Are these characters the okina character? If it is indeed being treated as a letter and not punctuation, I don’t understand why this matches at all. None of the names in the Taxonomy tab other than the one I cut-and-pasted from the taxon page https://inaturalist.ca/taxa/478-Fulica-alai above have the characters “alae” in them.

As @adamschneider mentioned: “The name given in iNat for Gallinula galeata ssp. sandvicensis uses an ʻokina, but the name given for Fulica alai uses a curly apostrophe.”

I’m guessing the fact that it doesn’t use an ʻokina is a data entry error.

3 Likes

Oh! I’m sorry for overlooking that.

I seem to recall the mobile version doesn’t accept apostrophes either. If not now I’ve definitely had that issue in the past.

1 Like

It may be a data entry “error” to not type an 'okina, but it’s one that’s going to happen again and again because the vast majority of people – including many who live in Hawaii – don’t know that it’s different from a curly apostrophe. So it’d probably be a good idea for iNaturalist’s search engine to be flexible about it, if possible.

2 Likes

Adam, I heartily agree!

Just out of curiosity, when you said that ʻokina looks almost exactly like a curly apostrophe, I wondered exactly how close … so I pasted the two texts (one with “data entry error” and the other correctly entered) side by side and magnified the Chrome browser font size by 500% to see. Here are the results:

So yeah, there actually is a visible difference! But wow, is it ever subtle.

I know Elasticsearch is under the hood doing the indexing & matching, so again, out of curiosity, I wanted to see what it could do for us. This thread might have some things in it that could help.

https://discuss.elastic.co/t/problem-searching-queries-with-accents/6401

I’m guessing it might be difficult to come up with a solution that would work well for everyone, as when you drop the diacritics, you’re actually changing the spelling of the word which could decrease accuracy. However, in a sufficiently small search space (as in the iNat Taxonomy), I’m hoping that small lack of accuracy is made up for by greater ease of use for the majority of users. Besides, maybe the behaviour could be modified depending on the user’s locale - though for all I know, there might be significant technical challenges to achieving that. If that sort of thing is possible, it would make it easier for the majority of users, while not negatively impacting minorities for whom exact rendering of the diacritics is of greater importance.

2 Likes

That’s about as subtle as it gets. Of course, in other fonts they might be truly identical, or the difference might be more obvious. Obviously there are no “rules” on how to write most characters.

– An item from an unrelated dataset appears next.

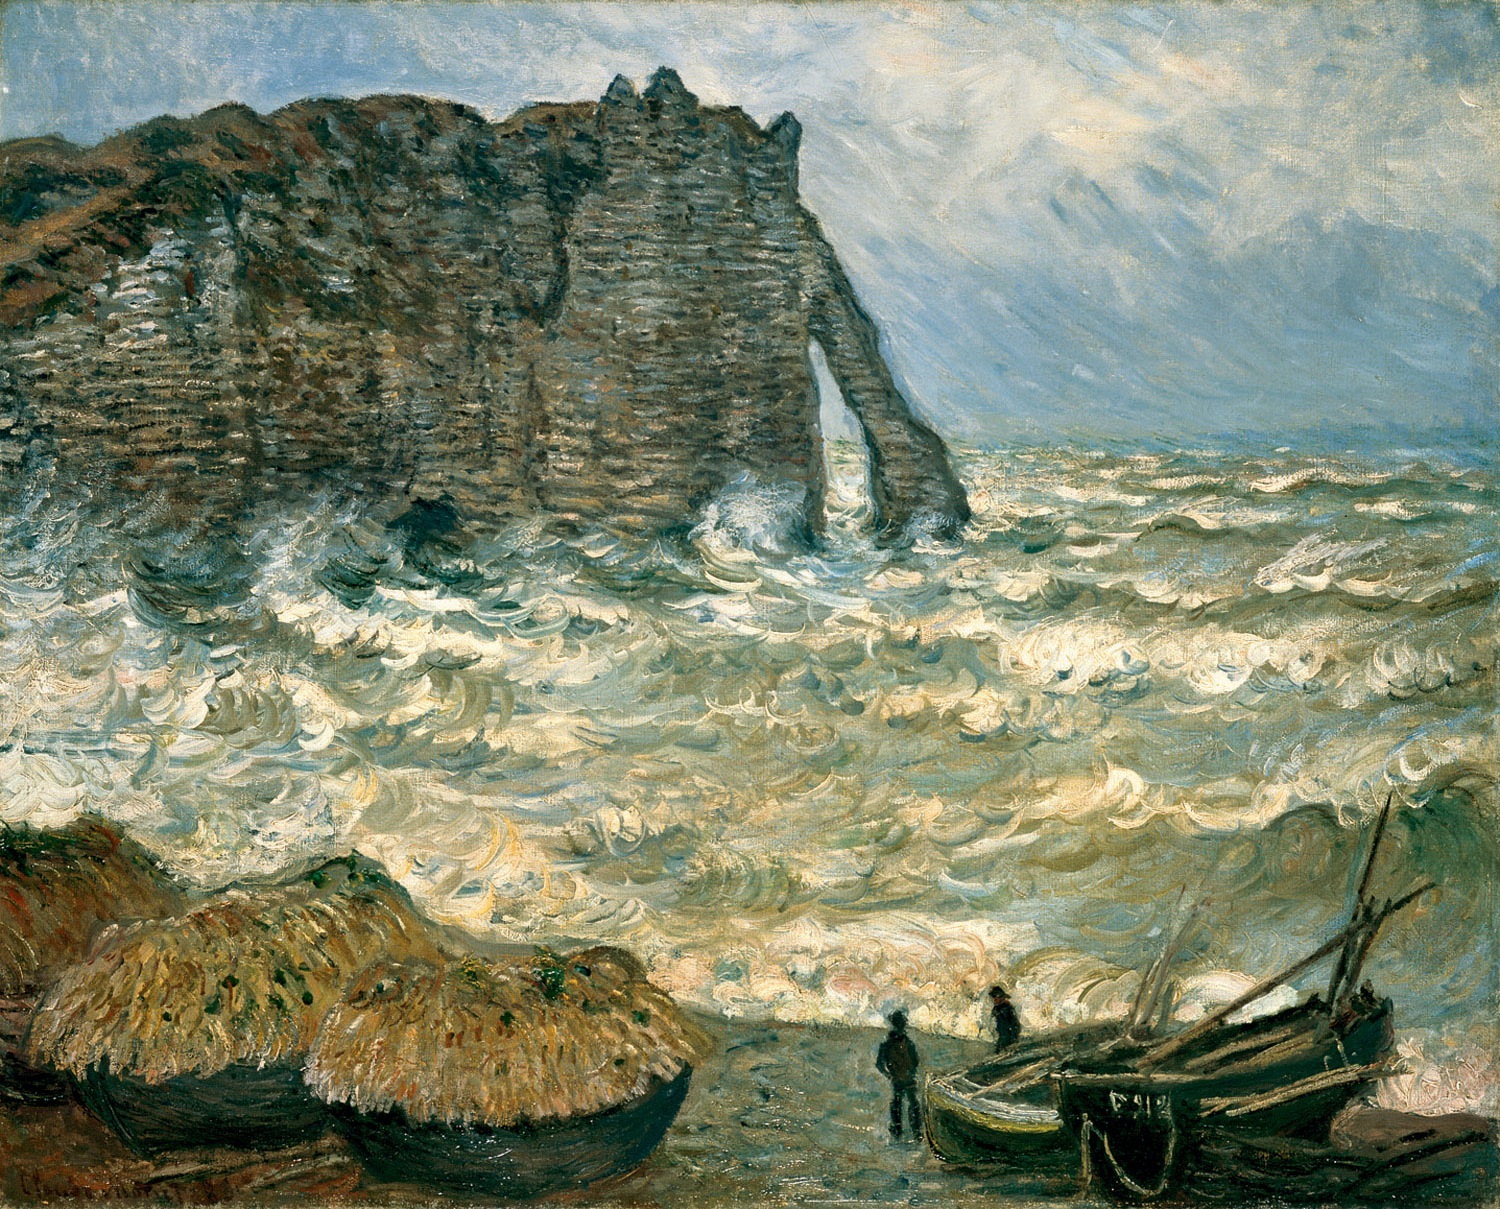 Etretat'da Hırçın Deniz by Claude Monet - 1883 - 81x 100 cm

It’d all be a hell of a lot easier if the missionaries who came up with a written Hawaiian alphabet had transcribed glottal stops using something that didn’t look like punctuation. :) Although I’m not sure I’m a fan of how they do it in SW BC:
Squamish

1 Like

I have “fixed” this in the Discord bot (in that at least users will now be able to enter the Unicode characters used in hybrid names & Hawaiian names, just as you can in web searches), following this approach: https://github.com/synrg/dronefly/issues/57#issuecomment-573433670

I don’t feel it’s really a request for a feature, but for the removal of a misfeature, so this is the last action I’m taking on this for now until I can judge whether or not it is satisfactory for the bot users.

Any other characters other than the multiplication sign (×) and the ʻokina (ʻ)? FWIW, the solution to this is still not going to be ideal. Search is tricky and we do it differently in different places. For example, I’m planning on just not indexing the ʻokina for some fields in the search index, which means ʻalae, 'alae, and alae will all return Fulico alai, but not necessarily at the same position in the results, and a search for ʻalae may not return it as the top hit even though it’s an exact match.

3 Likes

These are the only two I’ve noticed to date that have caused users trouble.

1 Like

Ok, these changes have been released. They… mostly work. For some reason searches for ʻalae are not working like they were in my tests, but easier-to-type searches like alae and 'alae seem to work. Searches for goldeneye x bufflehead work well.

2 Likes

I’ve tried it out both on the web & with the Discord bot. It works beautifully. Thanks.